RisQFLan is a software tool for the modeling and analysis of threat and risk scenarios. The tool supports a generalization of Attack-Defense Trees enriched with attacker behavior and quantitative constraints. 

  • XACMET: XACML Modeling & Testing
    XACMET is a generator of XACML requests as well as an automated model-based oracle.
    The main features of XACMET are:
    • definition of a typed graph, called the XAC-Graph, that models the XACML policy evaluation;
    • derivation of a set of test requests via full-path coverage of this graph;
    • automatic derivation of the expected verdict of a specific request execution by executing the corresponding path in such graph;
    • measuring coverage assessment of a given test suite.
  • X-CREATE: XaCml REquests derivAtion for TEsting
    X-CREATE (XaCml REquests derivAtion for TEsting) is a tool for the automated derivation of a test suite starting from an XACML policy. X-CREATE implements different strategies for deriving XACML requests. The aim of the derived XACML requests is twofold: testing of policy evaluation engines and testing of access control policies.
  • XACMUT: XACML 2.0 Mutants Generator
    XACMUT (XACml MUTation) is a tool for the generation of XACML 2.0 mutants. It generates the set of mutants, provides facilities to run a given test suite on the mutants set and computes the test suite effectiveness in terms of mutation score. The tool includes and enhances the mutation operators of existing security policy mutation approaches.The framework also provides support to locate the elements involved in the policy under test that are the causes of detected inconsistencies.
  • SIMTAC: SIMilarity Testing for Access-Control
    SIMTAC adapts similarity-based prioritization to order XACML test cases. To do this, we need to capture and specify what is a suitable notion of distance between XACML requests. To the best of our knowledge, the approach implemented in SIMTAC is the first attempt to introduce a prioritization strategy in XACML access control systems
  • TXPAINT: Testing XACML Policy Against INTentions
    TXPAINT is a generic framework for testing the compliance of an XACML policy to intended access rights or discovering possible inconsistencies. It adopts two well-known testing techniques, i.e., combinatorial and mutation testing, and provides support for generating appropriate test inputs (i.e., requests of access) able to test the constraints, permissions and prohibitions defined in the policy
  • GENERAL_D: Gdpr-based ENforcEment of peRsonAL Data
    GENERAL_D provides a systematic process for automatically deriving, testing and enforcing Access Control Policies  and Access Control (AC) systems in line with the GDPR. Its data protection by-design solution promotes the adoption of AC systems ruled by policies systematically designed for expressing GDPR’s provisions. Specifically, the main contributions of GENERAL_D are:  
  1. The definition of an Access Control Development Life Cycle for analysing, designing, testing and implementing AC mechanisms (systems and policies) able to guarantee the compliance with the GDPR. 
  2. The realization of a reference architecture allowing the automatic application of the proposed Life Cycle. 

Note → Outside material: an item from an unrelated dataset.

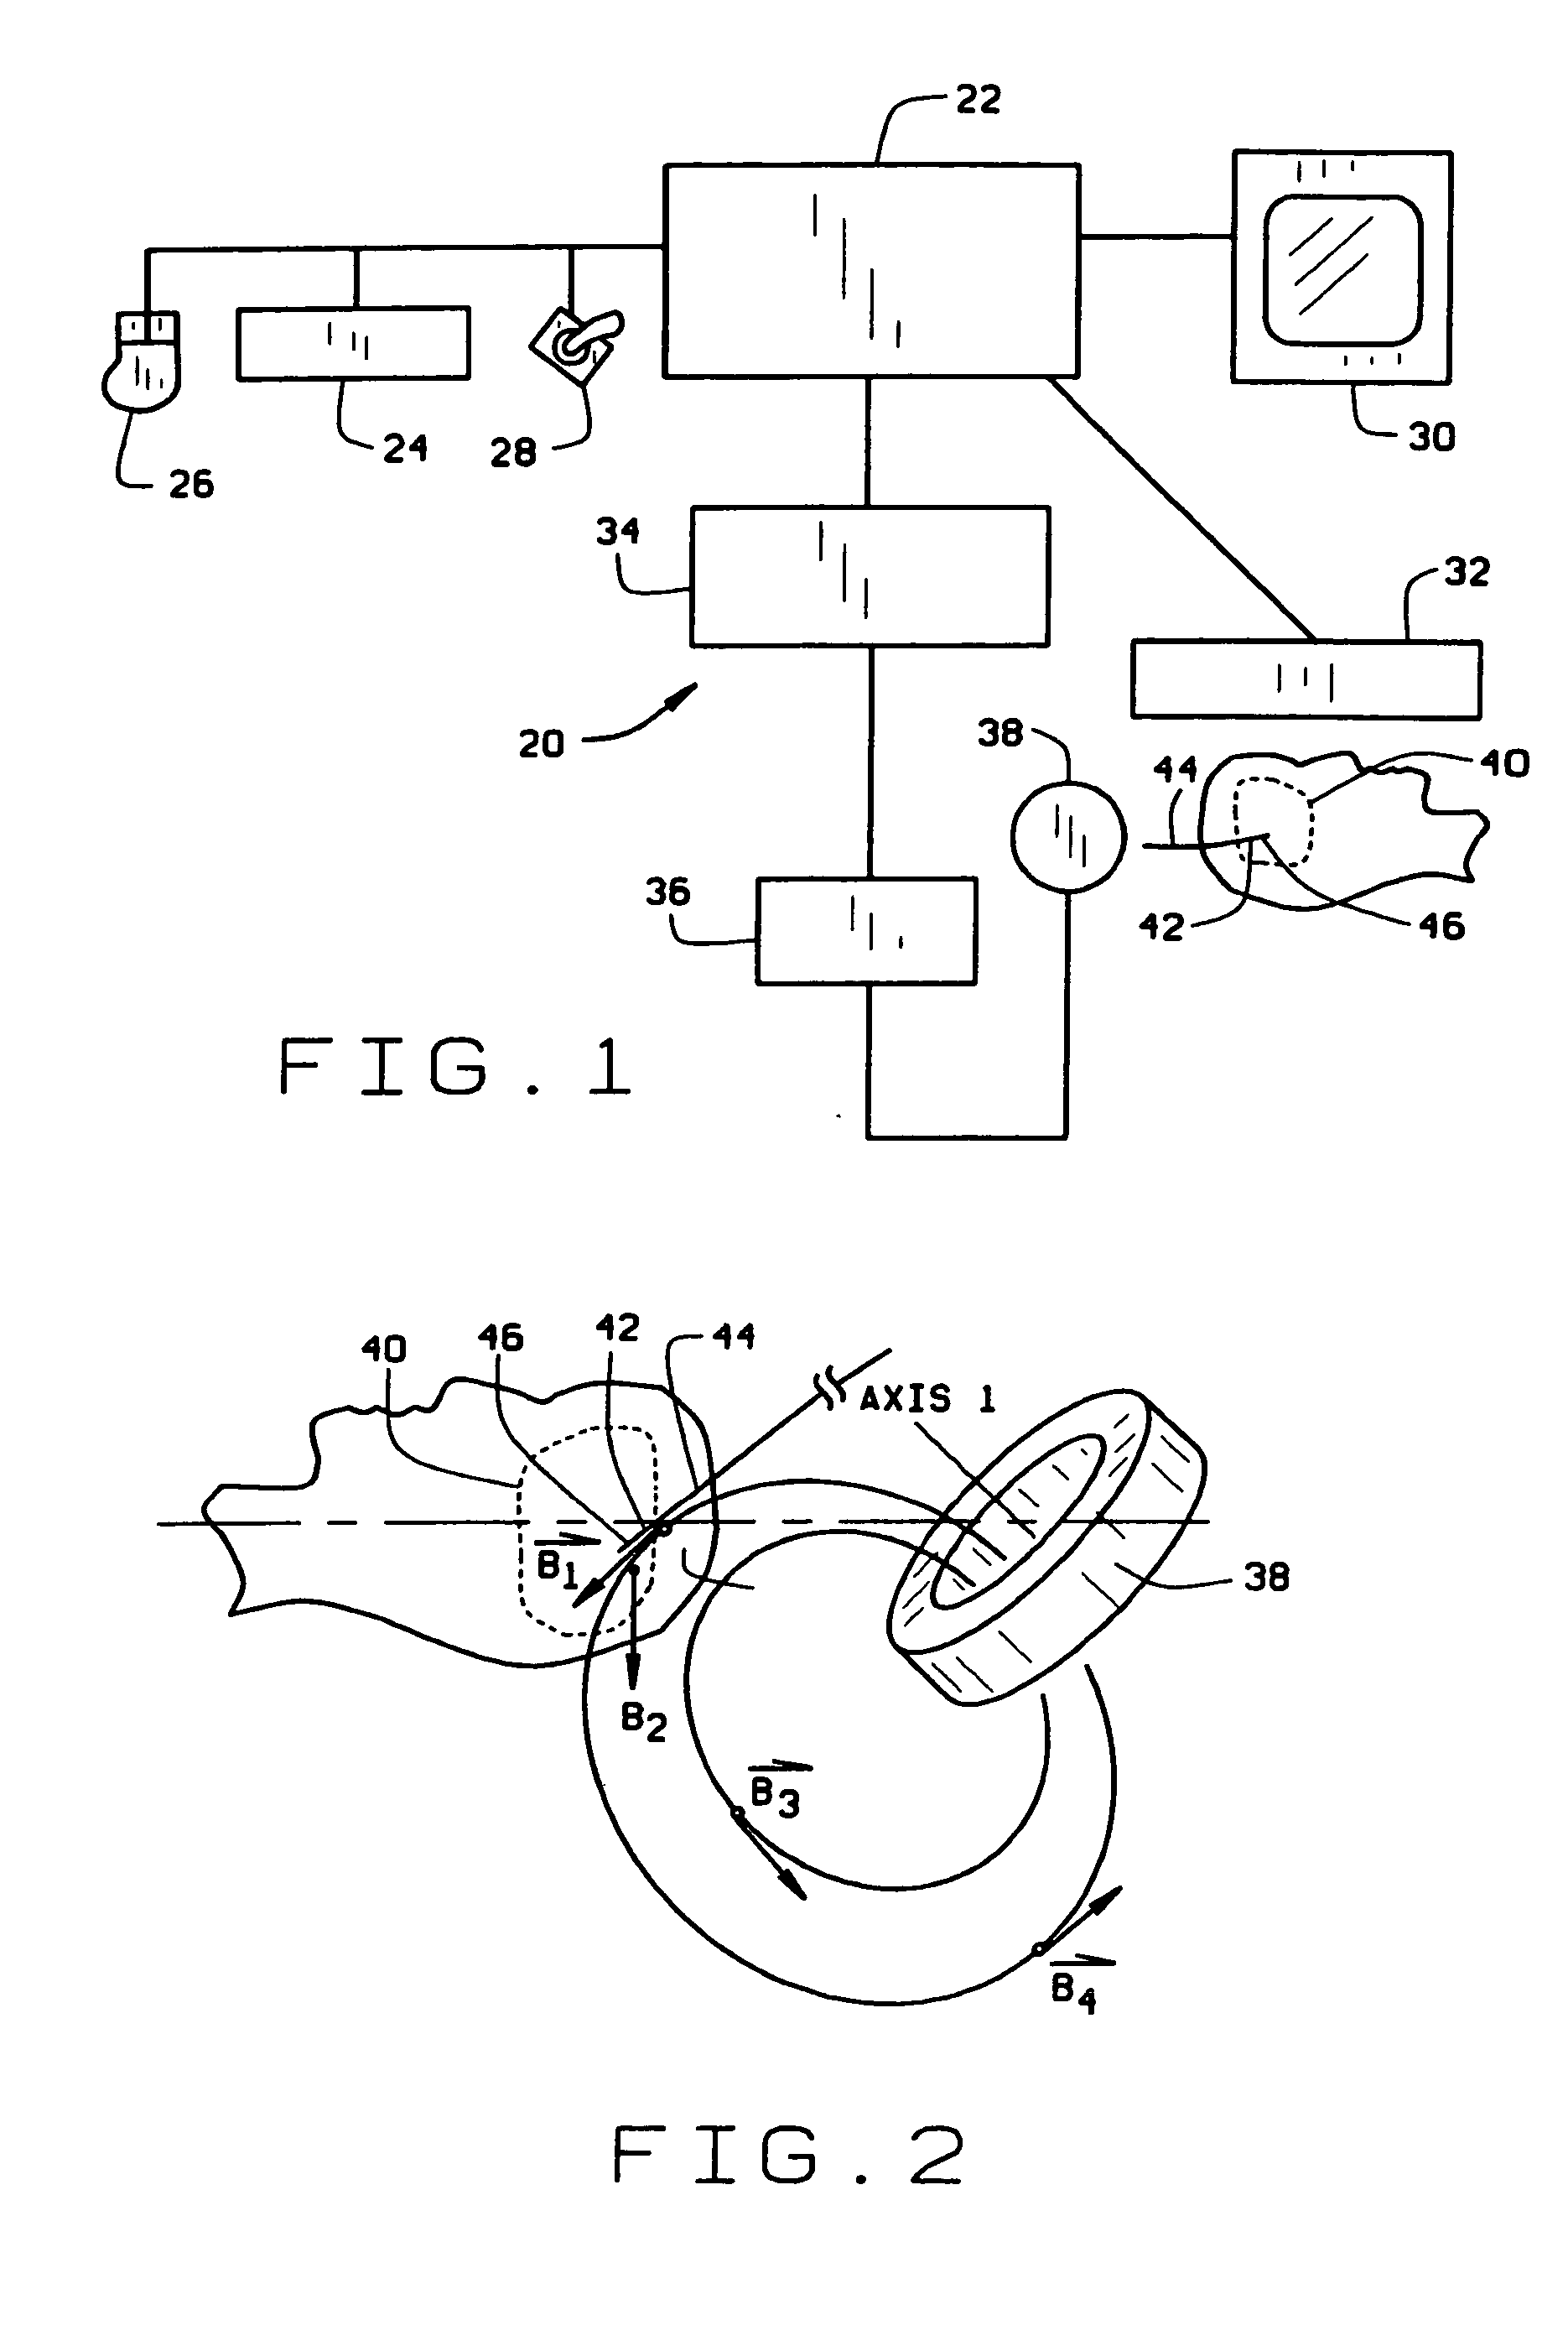 Method for safely and efficiently navigating magnetic devices in the body

GROOT is a general combinatorial strategy for testing systems managing GDPR’s concepts (e.g., Data Subject, Personal Data or Controller). 

GRADUATION is a tool based on a generic methodology for assessing the fault detection effectiveness of GDPR-based testing strategies by means of mutation testing. In particular, GRADUATION provides a set of mutation operators specifically based on a GDPR-based fault model. 

XMF is a comprehensive framework allowing test case generation, execution and assessment, and mutants generation in the context of XACML-based access control systems. 

DOXAT is a framework useful both for continuous planning and testing of the PDP inside the DevOps process.